Beginning with Ziigwan, Grover shares memories of babies and springtime activities. She then transitions into Niibin where memories of youth, hers and of her children and grandchildren, are shared within the context of the meaning of summer. Dagwaagin teachings and memories focus on the fall and adulthood. Lastly, she discusses Biboon and becoming an Elder or at least a senior.
Throughout the work, there is a wonderful personal narrative that readily invokes one’s own memories of growing up and aging in Anishinaabeg country. Beyond invoking memories through sharing, Grover presents a positive narrative set alongside a history, both personal and community based, of the various changes the people of Onigamissing have experienced over the generations.
When combined with traditional teachings and knowledge from a humble yet intimate style of writing, Grover’s work is a beautiful narrative of our survivance as a Nation and the promise of our continued existence as a people far into the future. Simply, despite the vast changes brought about by colonialism and the ‘modern’ world, we, the Anishinaabeg, have managed to maintain the core of our identity and continue to pass our knowledge from generation to generation.

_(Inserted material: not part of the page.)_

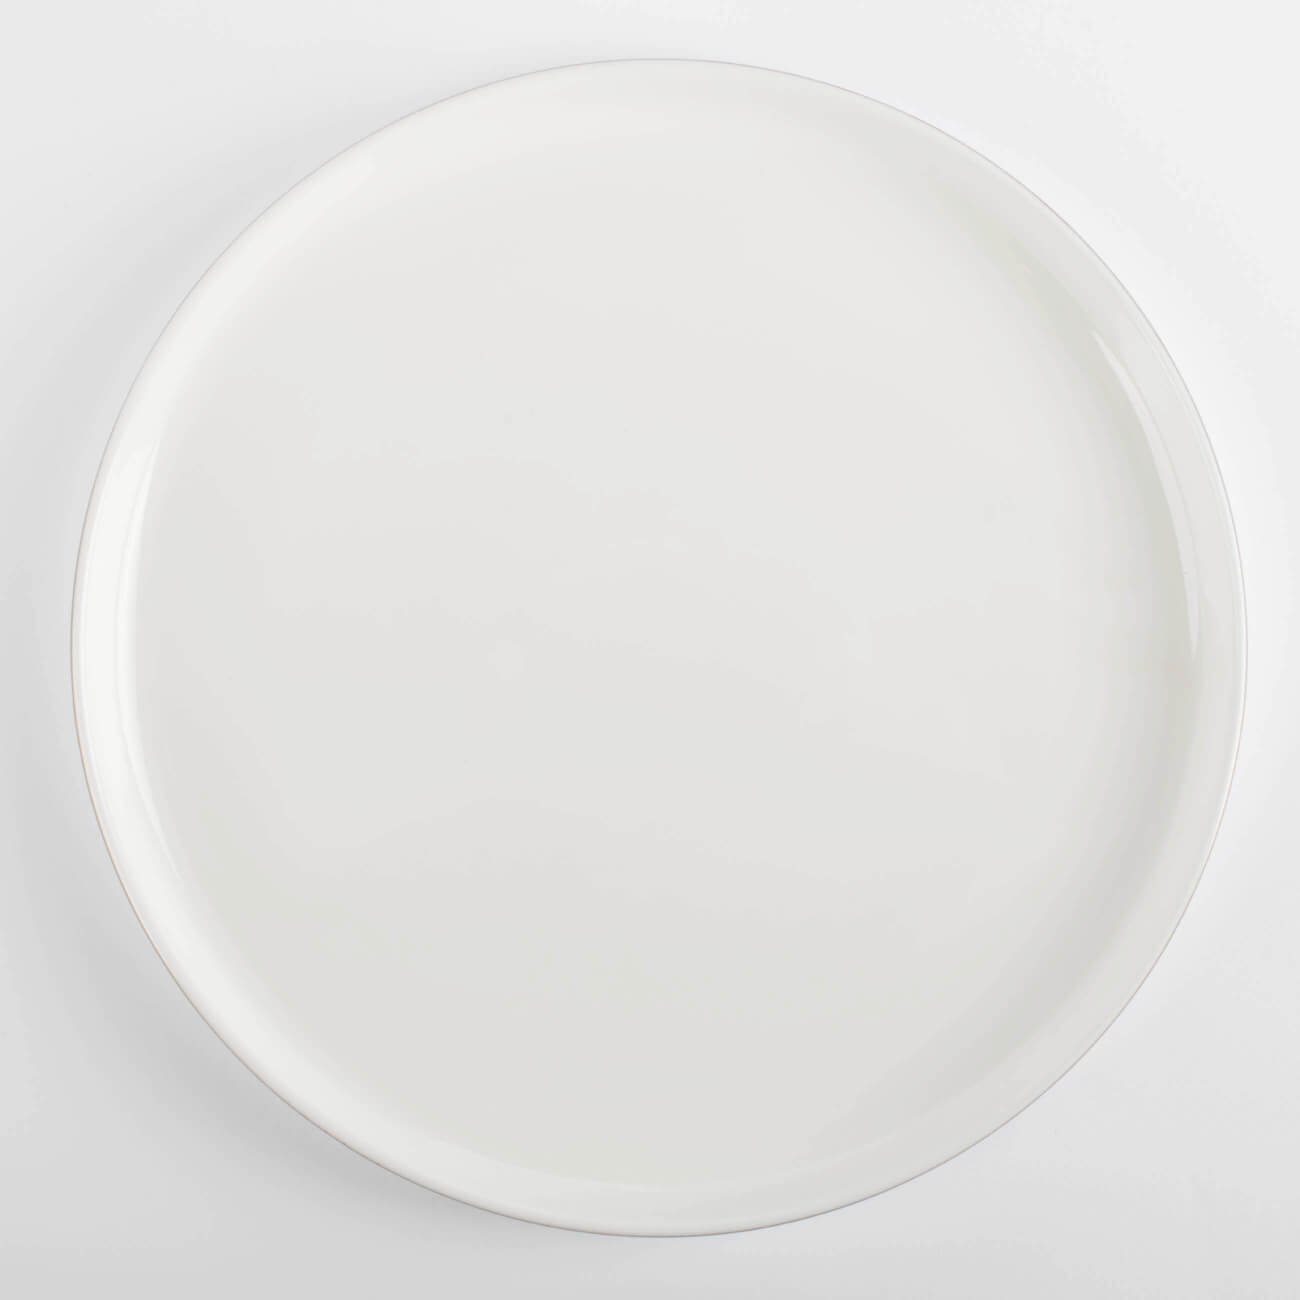 Тарелка обеденная, 26 см, фарфор F, белая, Ideal gold тарелка обеденная детская 19 см 3 отд бамбук кот cat

Grover weaves Anishinaabemowin within the text. She offers a direct translation, but the concepts, meanings, and understandings contained within a specific word or phrase are more fully parsed out in the stories that follow. For instance, Grover speaks of mino-bimaadiziwin in terms of the past and of the present and its central importance in all things. She speaks of the importance of both traditional and modern education as key to our peoples’ present and future ‘good lives’. All of the teaching about mino-bimaadiziwin is done via story which brings the concept to life far beyond its translation as ‘balance’ or the ‘good life’.
Personally, the book reminded me of lessons and stories growing up while offering me the opportunity to explore the past and new lessons from another set of stories. This is a book that should be read.
Linda LeGarde Grover, Onigamissing: Seasons of an Ojibwe Year. Minneapolis: University of Minnesota Press, 2017.